‘I once saw one carrying a segment of Terry’s Chocolate Orange’

6 May

amy liptrot

Amy Liptrot has provided me with my favourite line from any book I have read this year as she recalled her wild life in London Fields and the wildlife of Orkney.

Using her return to the remote Scottish islands following a three-month spell in rehab as the segment of her life to tap and unwrap in a memoir, Liptrop was an engagingly awkward presence at the Arts Centre.

Born on Orkney to English parents, the young Amy yearned for bright lights and anything but farming and cliffs.

A journalistic career and a love of techno music brought with it all of the conditions for a heavy dependence on alcohol to develop.

The return to Orkney brought Amy’s transformation into a wildlife enthusiast and writer; it also saw her man the ‘Corncrake Hotline’ as part of a surveying job for the RSPB.
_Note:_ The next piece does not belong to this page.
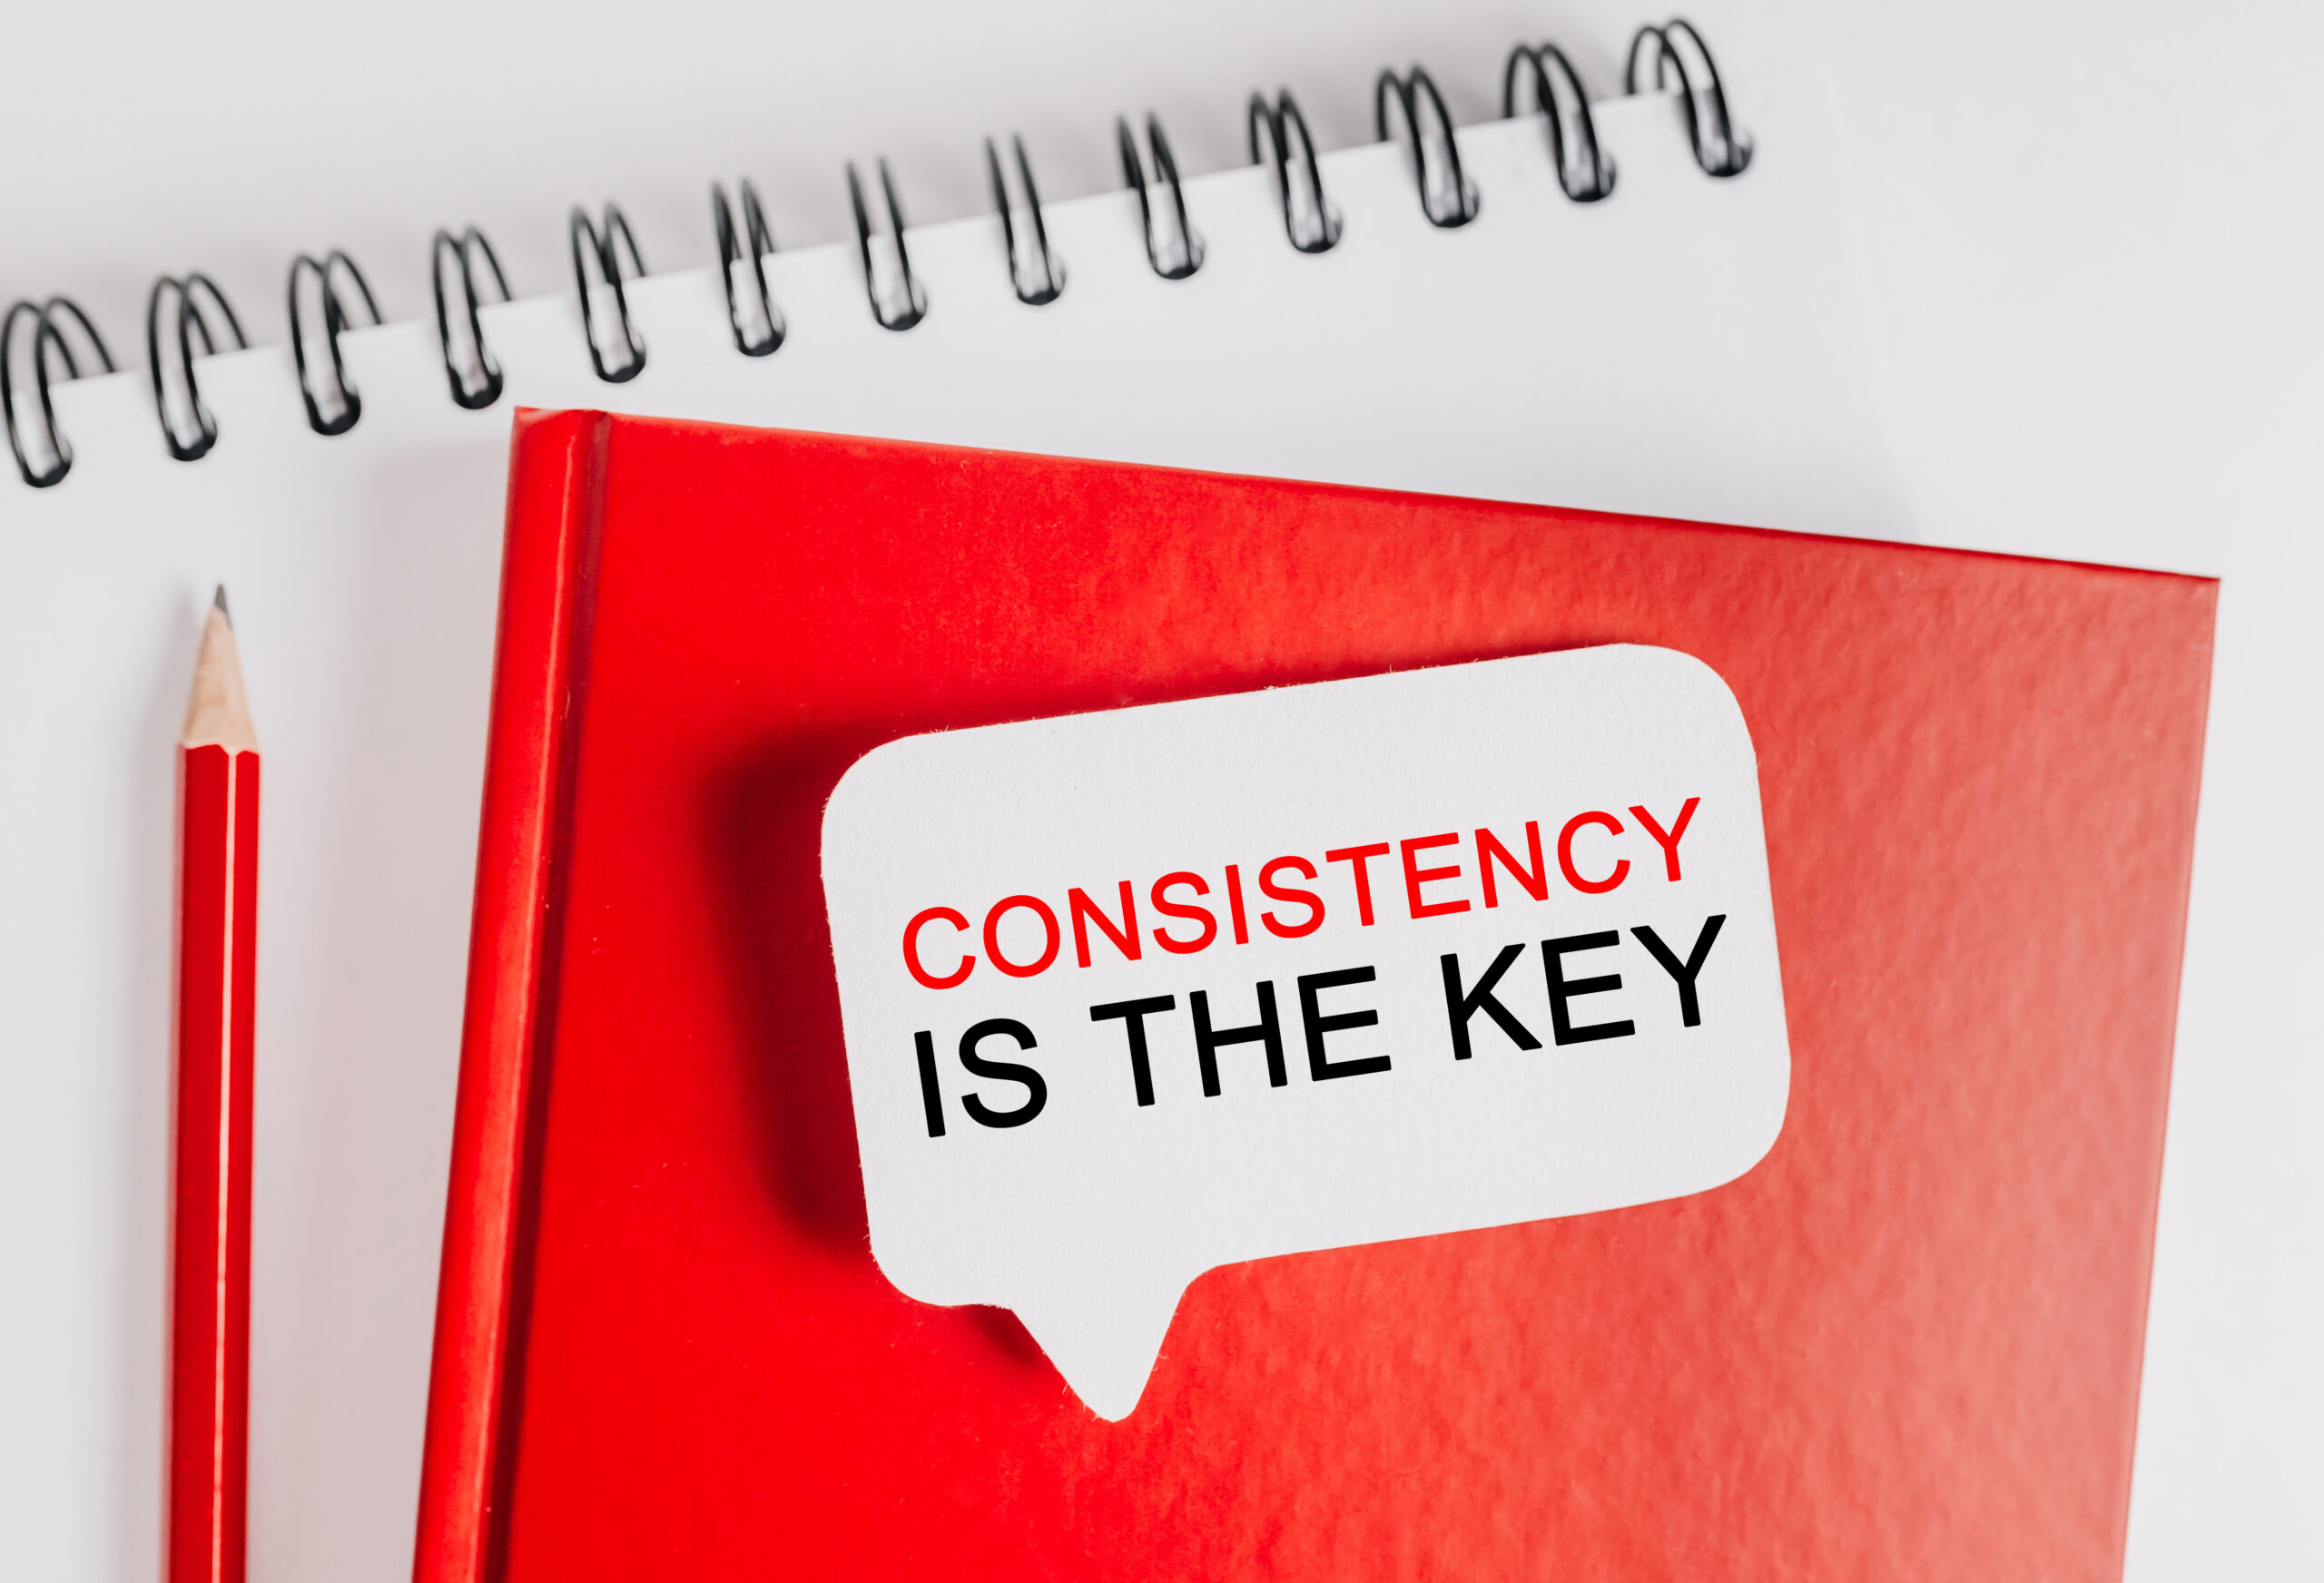 How Do I Market My Book? - Staying Consistent and Persistent

In her clear and elegant prose, Amy explores herself, Orkney and that habit we have of always wanting to be somewhere else.

‘The Outrun’ is a great read and one which poses many questions without imposing its own answers.

In the question and answer session, much was made of Amy’s poetic prose with its arresting images of isolation and crowded city life.

One of the images shared again by Amy as she read from her book was the way that she used to imagine the layout of her former block of flats and superimpose it on farmland in Orkney, building a contrast in her lives which could not easily be reconciled.

The seagull may have got the segment of Chocolate Orange but we got the real reward, the slice of honesty and self-effacing charm that makes ‘The Outrun’ standout alongside other ‘recovery’ memoirs .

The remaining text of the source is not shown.